I was living in Auckland, NZ when I was diagnosed with HIV in the mid 90s and the prognosis was still, even then, pretty much terminal. AZT was the only treatment prospect and it’s toxicity seemed at least as problematic as HIV itself.
The trick seemed to be a balancing act – measuring the decline of CD4s against the arrival of much better medication. When my CD4s finally went below 350 and I began to develop opportunistic infections the best medication on offer had not been approved in NZ but had been in Australia. I sourced some through a largely gay HIV/AIDS organisation in St Kilda, Melbourne. The meds were remainders or unused and returned drugs from men who had died or were unable to continue with them.
The organisation redistributed these meds in what I think was a good ethical gesture though I’m unsure of its legality. The meds were free and posted to me monthly in Auckland and I think this was technically illegal – they hadn’t been approved for use yet in NZ. They soon were and I became able to receive them through the infectious diseases clinic at Auckland Hospital. Organising the drugs with the treatments officer in St Kilda was a huge relief. It’s difficult to overstate the value I attached to them, despite side effects. And sourcing them through a peer-based organisation was one of the smartest things I did, it established a necessary relationship that became the template I would continue to use in all my subsequent retainment in medical care.
It has always been important for me to compare information from medical specialists with community HIV/AIDS groups I think mainly because they have had such a critical role in disseminating the best information soonest and framed to suit me and obviously they have such a highly vested interest in having the best information.

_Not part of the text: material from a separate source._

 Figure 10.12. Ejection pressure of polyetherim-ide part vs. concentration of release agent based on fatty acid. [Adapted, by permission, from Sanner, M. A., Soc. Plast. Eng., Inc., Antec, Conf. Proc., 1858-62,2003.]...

Later I moved to Melbourne and after a period it I developed resistance to a couple of the meds I was on and this gave me opportunity to take a treatment interruption. My CD4s had recovered to between 500 and 800. I felt some degree of disappointment that they hadn’t climbed higher and never felt especially in the clear and always had some anxiety about them dropping. A treatment break provided me with a welcome opportunity to be free of the side effects of the meds. These were mainly severe gastro problems and exhaustion.
But the interruption also left me anxious about how long my CDs would remain okay. I took the opportunity to travel to London. I made a few overtures about finding where I could receive treatment in London as a foreigner, and also started investigating the very latest treatments that may have been available in London but not yet available in Australia. After few months I could detect a sort of ‘drag’ in my body, a mental and physical lethargy, and also noticed the reappearance of fungal infections that suggested my immune system was beginning to struggle again.

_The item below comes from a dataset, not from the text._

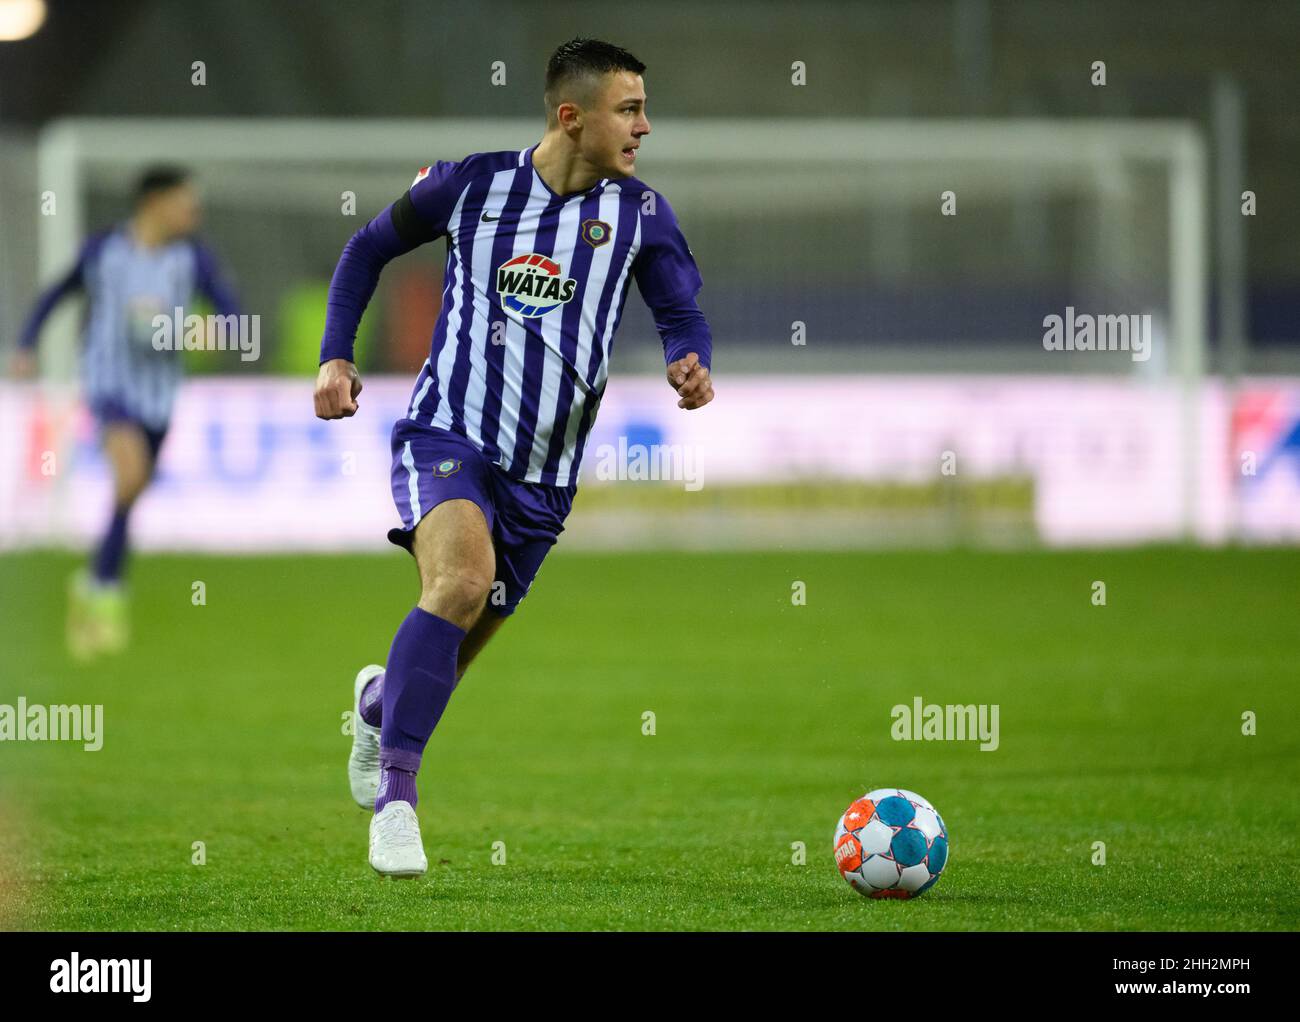 22 January 2022, Saxony, Aue: Soccer: 2. Bundesliga, FC Erzgebirge Aue - FC Schalke 04, Matchday 20, Erzgebirgsstadion. Aue's Antonio Jonjic plays the ball. Photo: Robert Michael/dpa-Zentralbild/dpa - IMPORTANT NOTE: In accordance with the requirements of the DFL Deutsche Fußball Liga and the DFB Deutscher Fußball-Bund, it is prohibited to use or have used photographs taken in the stadium and/or of the match in the form of sequence pictures and/or video-like photo series. Stock Photo

I hooked up with the University College of London near Oxford Street who claimed not be immigration police and accepted me without looking at my immigration status. The college was excellent and I was made really welcome and completely assured by their medical expertise that was developed from having such any enormous and varied HIV caseload. I was also equally assured by their patient centred ease – they didn’t present like a medical monolith. And yes, my CD4s were declining and a new regime of meds was suggested and I began taking it. The CD4s recovered and the infections diminished.

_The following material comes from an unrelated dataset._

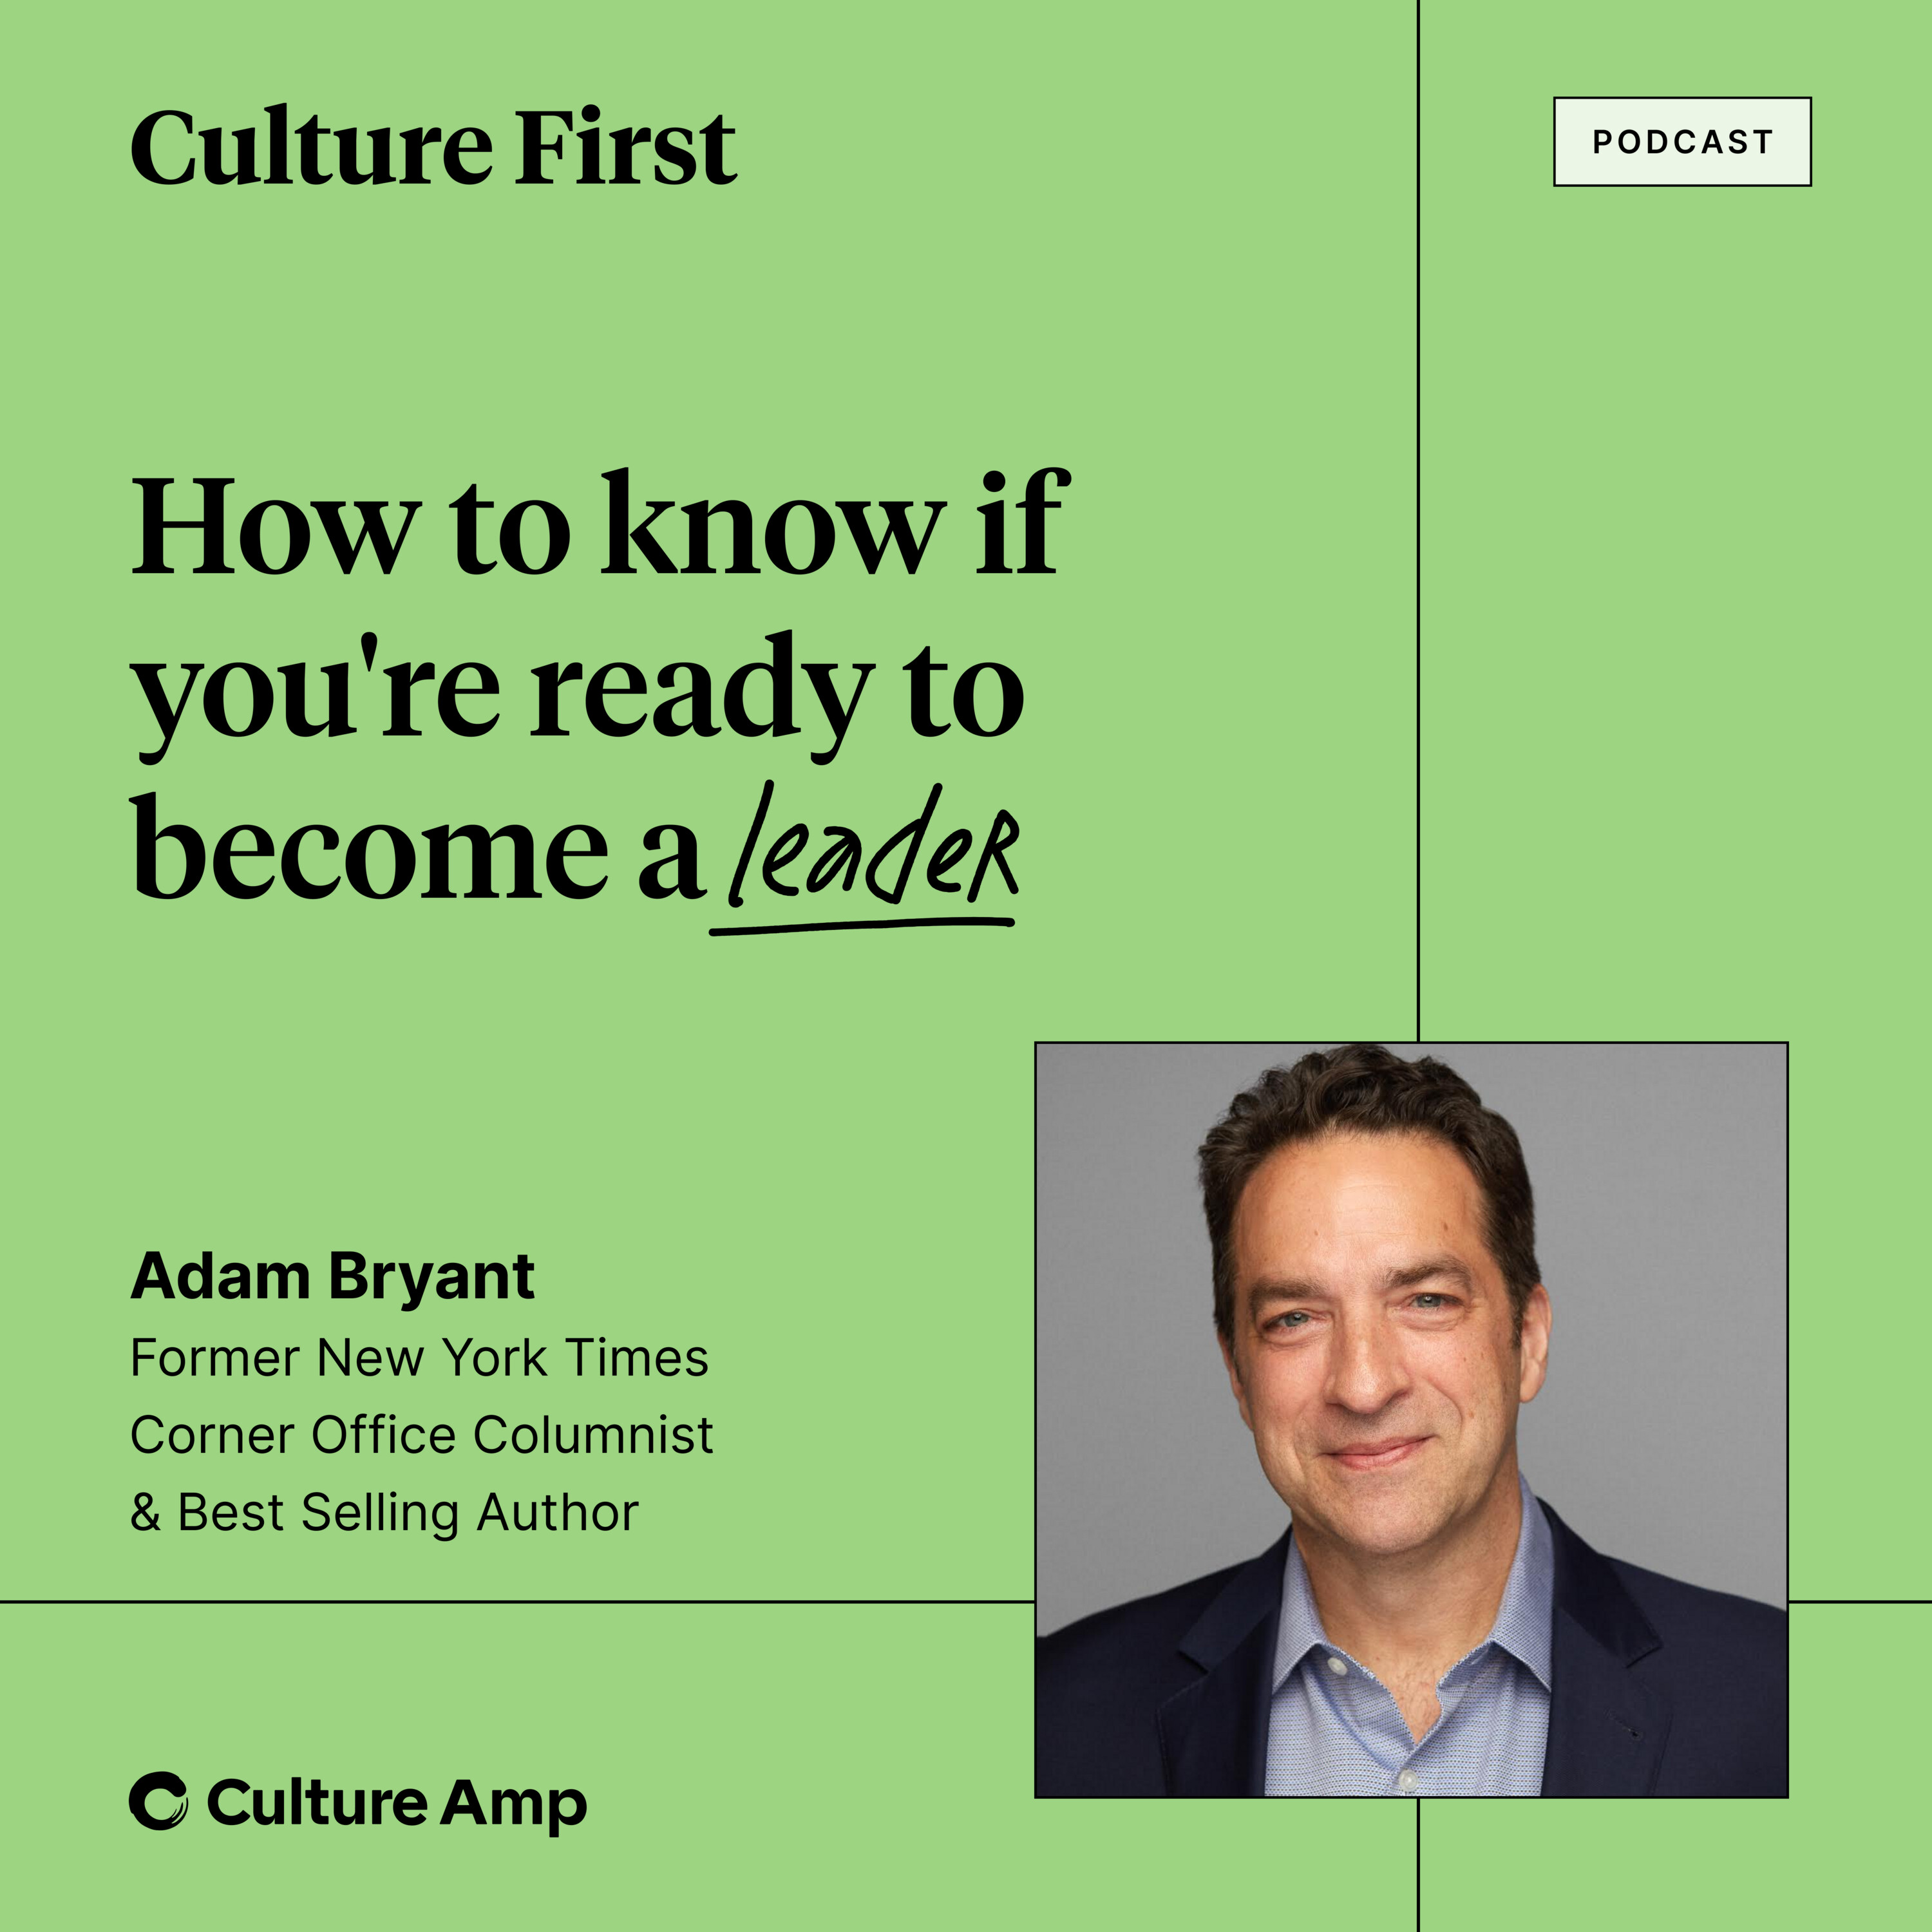 Adam Bryant on how to know if you're ready to become a leader.

The new meds were available in Australia when I returned. This was a big relief. But I began to be strangely chronically ill. This was assumed to be HIV related. Later, it was found I had chronic Hep B. I had been vaccinated against Hep A and B before travelling to London but the B vac possibly failed because of my impaired immune system. Because I had been vaccinated for Hep B it was discounted as a possibility and not tested for. It took some time for the diagnosis to be made – the suggestion to test for Hep B was in fact made by a nurse with a long association and close proximity to symptoms through caring for patients with HIV and Hep B and C. The Doctors were surprised but relieved to have the infection diagnosed. A knew combination of four anti-viral drugs did, after several years, ultimately clear the Hep B and allowed my CD4s to climb above 800 for the first time and keep climbing to between 1000 and 1300. My viral load has been undetectable for about ten years.
Beginning treatment, remaining in care and paying attention to the care has been critical – first it’s kept me alive and then I have been managed through a treatment interruption, and a restart along with the extra development of Hep B. It has often been exhausting but I wouldn’t be where I am now without the astonishing concern and skill I have had from many dedicated people.